One of the directors of Eliza, Joseph Baldacchino of Qormi, had said under oath in 2002 he was aware that the land had been leased to a number of people when Eliza bought it from the Italians.
The landlords had said in court that the farmers created trapping sites and placed rubble on stretches of garigue, deposited soil and planted a number of trees since the land was acquired by Eliza contrary to the farmers' claims that everything had remained untouched for decades. Ninu Cuschieri, known as Il-Hasana, one of the main shareholders and a director of Eliza, reiterated what Eliza directors had said in court when contacted by The Times, namely, that the farmers scared off potential buyers with threats.
He claimed it was not true that the shareholders had attacked the farmers. "It was a brawl in which many people, even those on our side, were seriously injured," he said, adding that he had bruises on his leg. Mr Cuschieri said the farmers, particularly individual "culprits", had threatened him several times whenever he visited the site with potential buyers. On one occasion, one of the farmers had also threatened with a shotgun third parties interested in purchasing parts of the land, he said.
He also said the farmers would throw nails on the ground so that his car tyres would be punctured.
Mr Cuschieri said that notwithstanding what the farmers claimed, they had no title to the land in question, especially because Il-Qortin (the stretch owned by Eliza) was mostly garigue land which could not be worked. He claimed that the designs called for by the farmers had already been drafted and the lawyers were trying to play for time.

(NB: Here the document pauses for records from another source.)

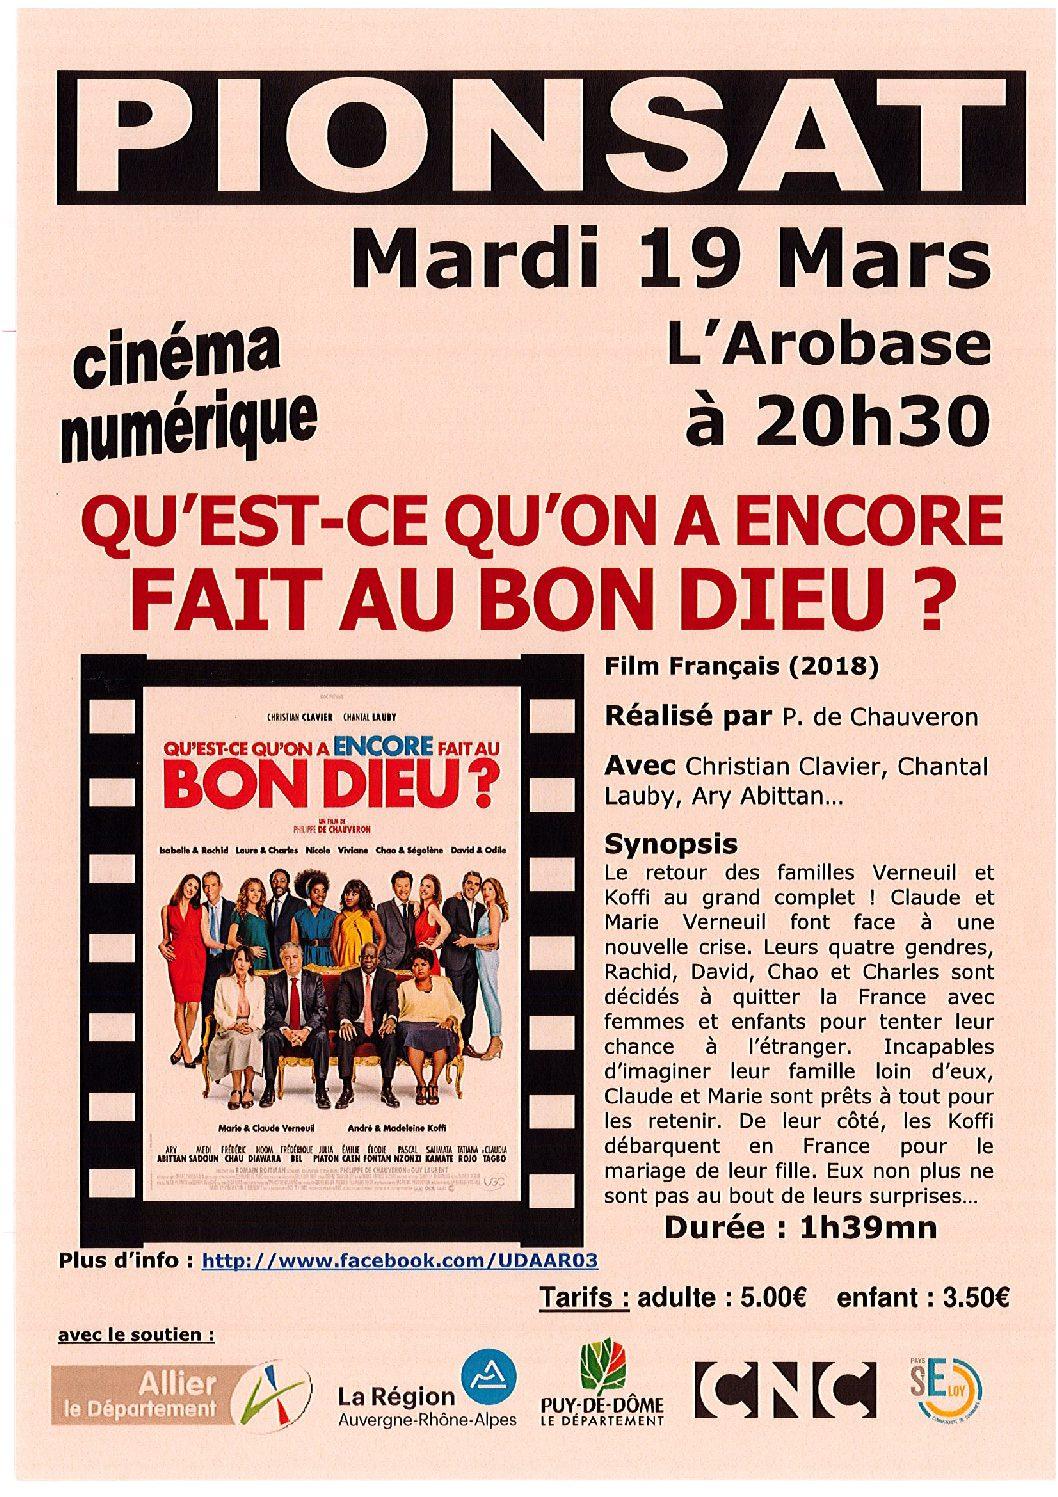 CINEMA DU 19 MARS
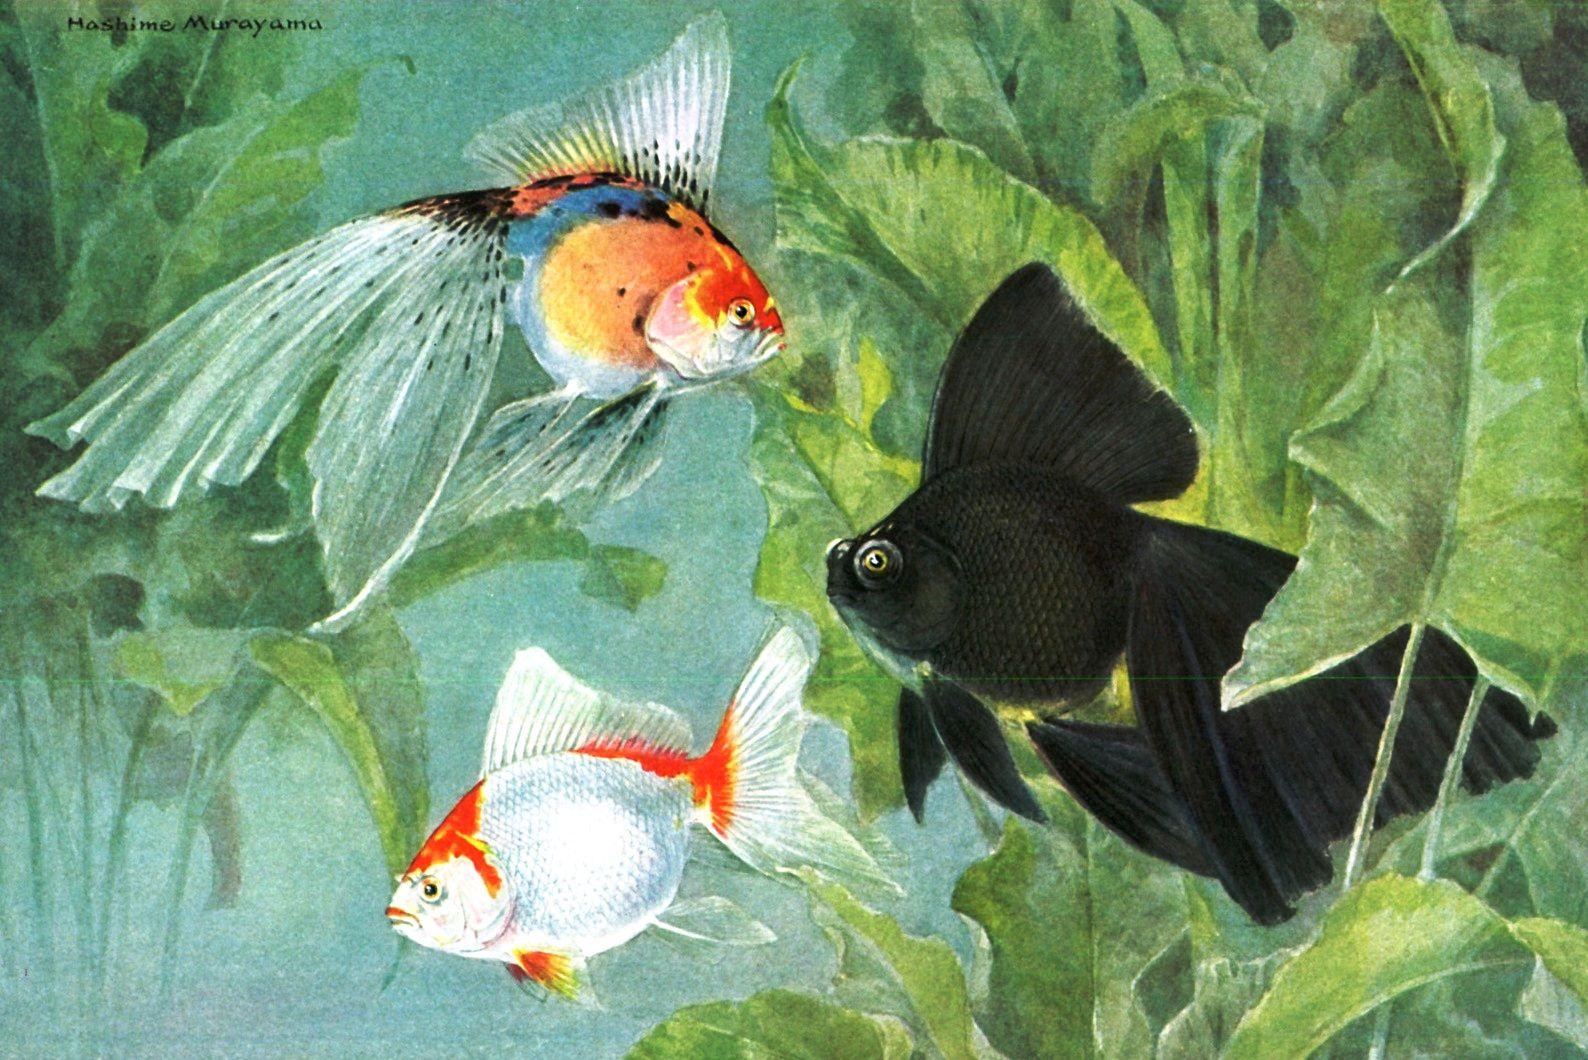 Pin by Taka Minami on Goldfish 金魚 Peixe Dourado 金鱼 Poisson rouge ...
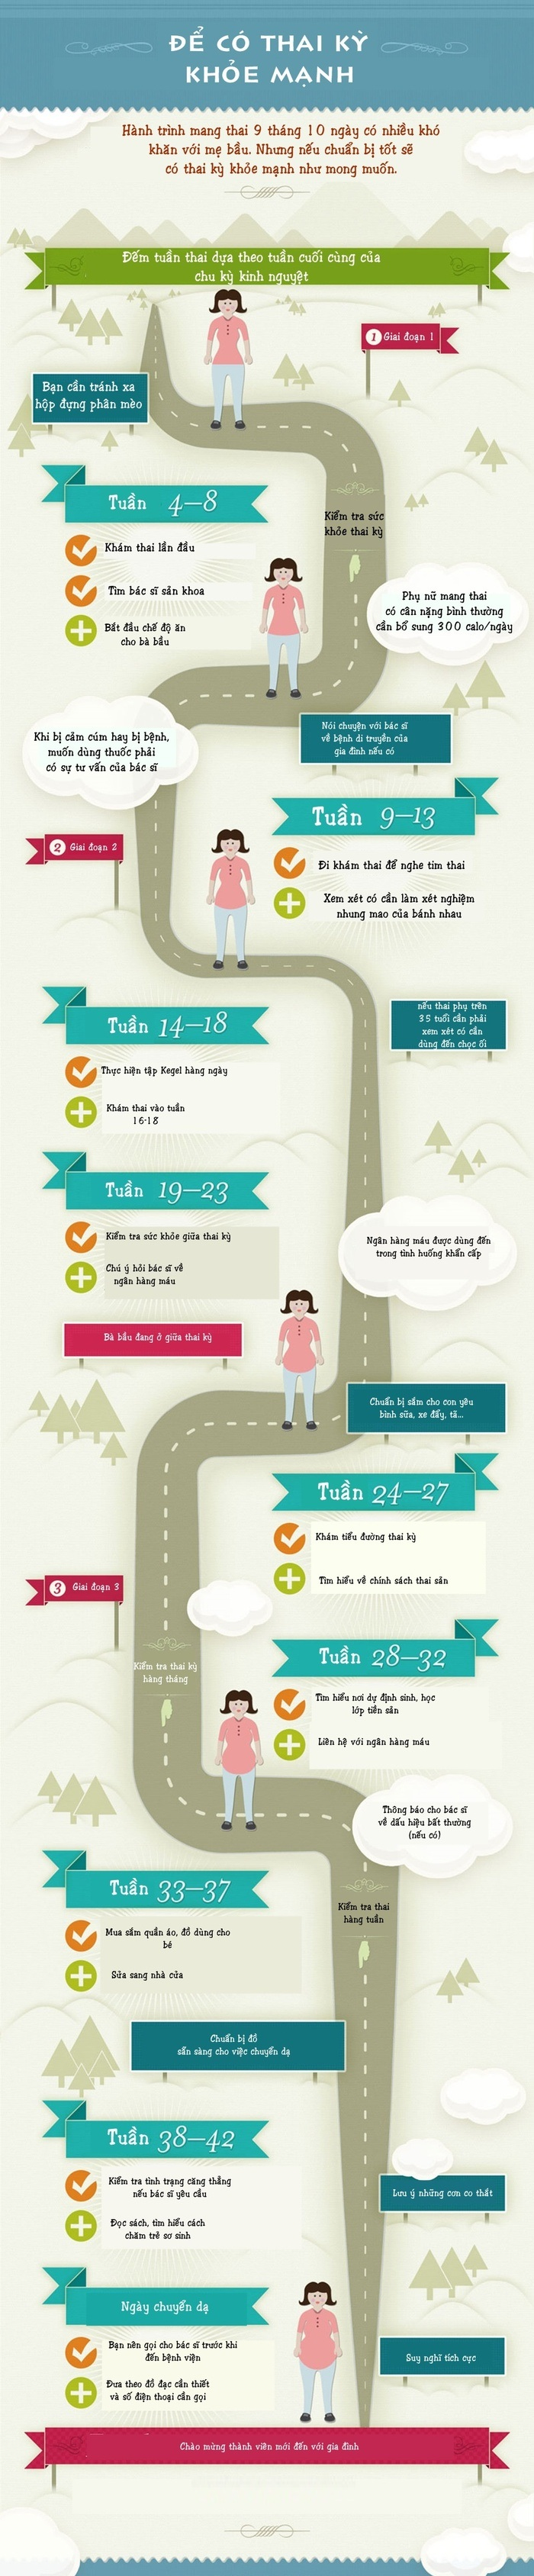 mang thai khỏe mạnh, thai kỳ khỏe mạnh, chú ý khi mang thai
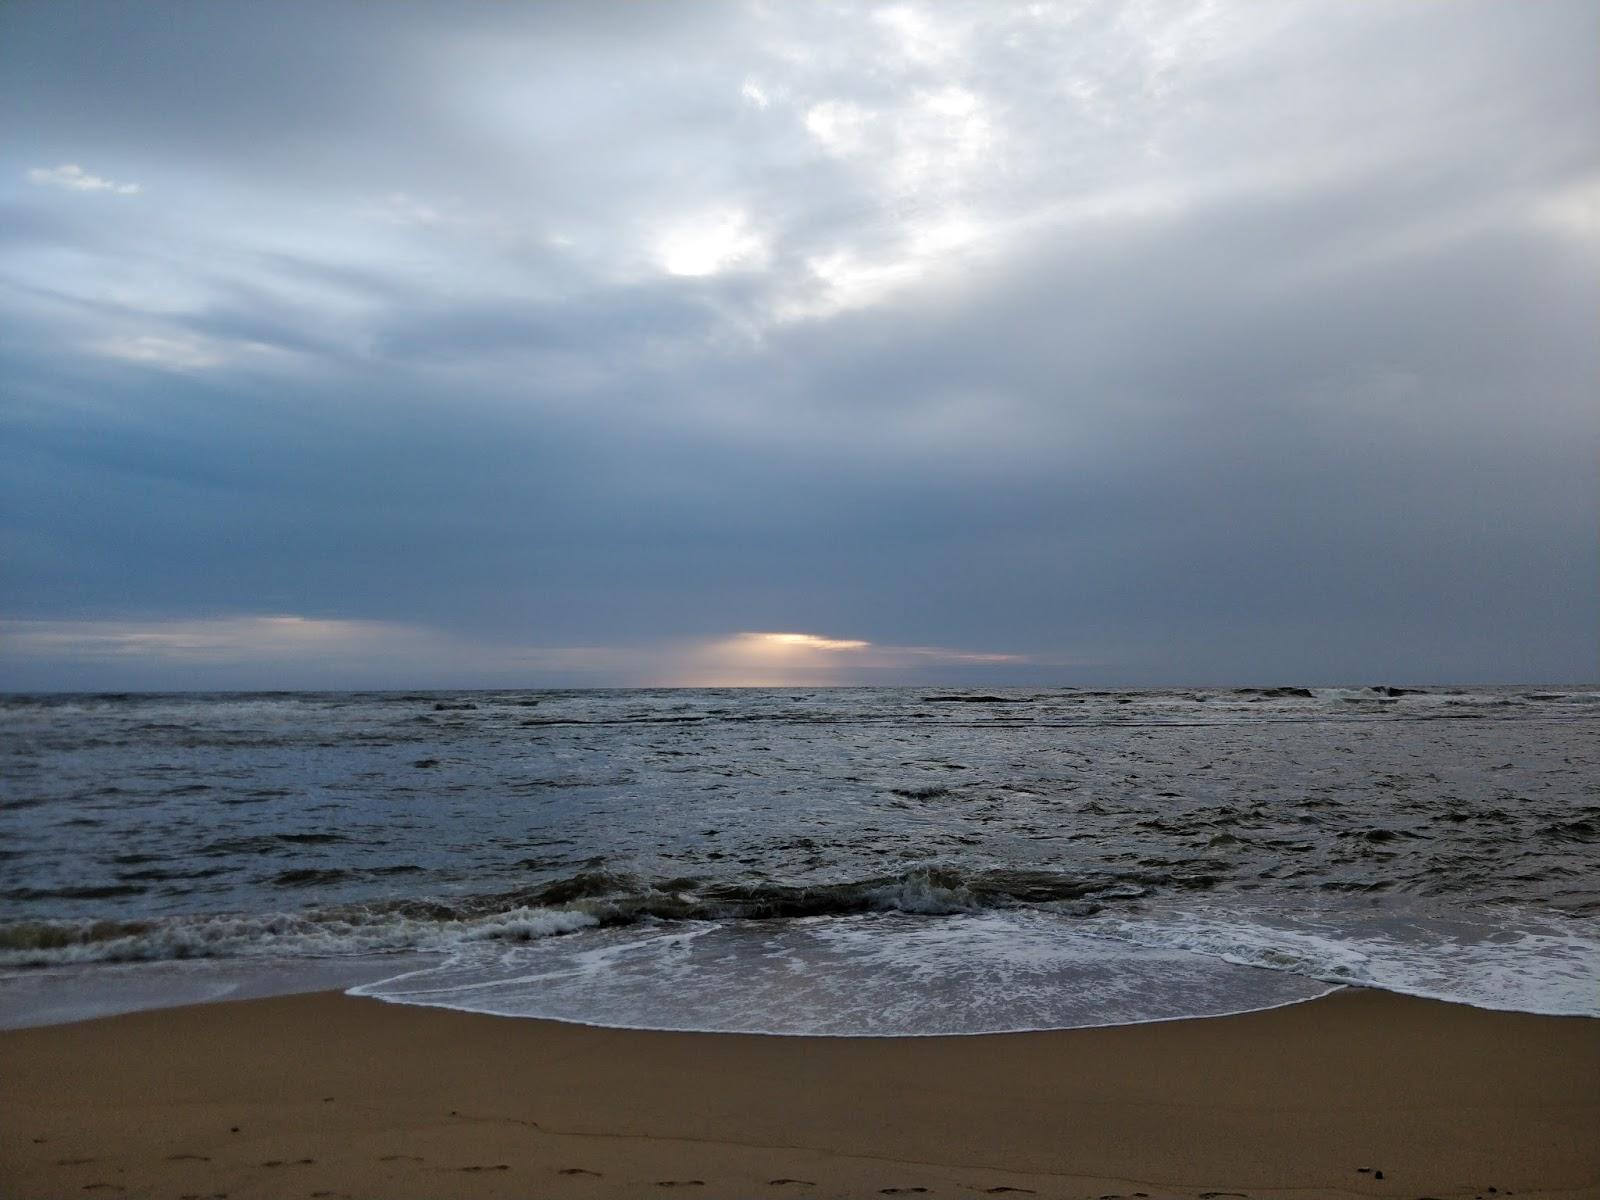 Sea view and a provate beach at Earl's Reef Beruwala

"Nobody asked them to deposit the lease in court," he said when the farmers' claims were pointed out to him.
According to Mr Cuschieri, the farmers rented out the land they had leased to hunters and trappers. "Is it fair that I have to fight a legal battle over my land when other people who have no title over it make money," asked Mr Cuschieri, adding that the land could not be used for farming and that the farmers allegedly placed soil over patches of the land, "supposedly to show it was used for agriculture".
Eliza directors said in court the farmers had also built hunters' hides on an area known as Ix-Xaghra ta' Xafura, the same patch of land owned by Eliza. The farmers contradicted this claim and said nothing had been changed or built after Eliza acquired the land and that any changes had been done with the consent of the previous owners.
"I am ready to let them use the land if they prove they had leased Il-Qortin", Mr Cuschieri said, adding he was willing to avoid confrontation and sit down with the farmers to strike a deal. He said the farmers had failed to produce enough evidence in court to prove they had been leasing the land in question.
According to the farmers, however, this claim was "a catch" with which the landlords were trying to trick them. They said Il-Qortin was one area which formed part of Ghajn Bierda, the area which, according to documents, was leased to the farmers' families.
"It's like saying we have a title over the whole of Valletta but not over the Royal Opera House," John Portelli said.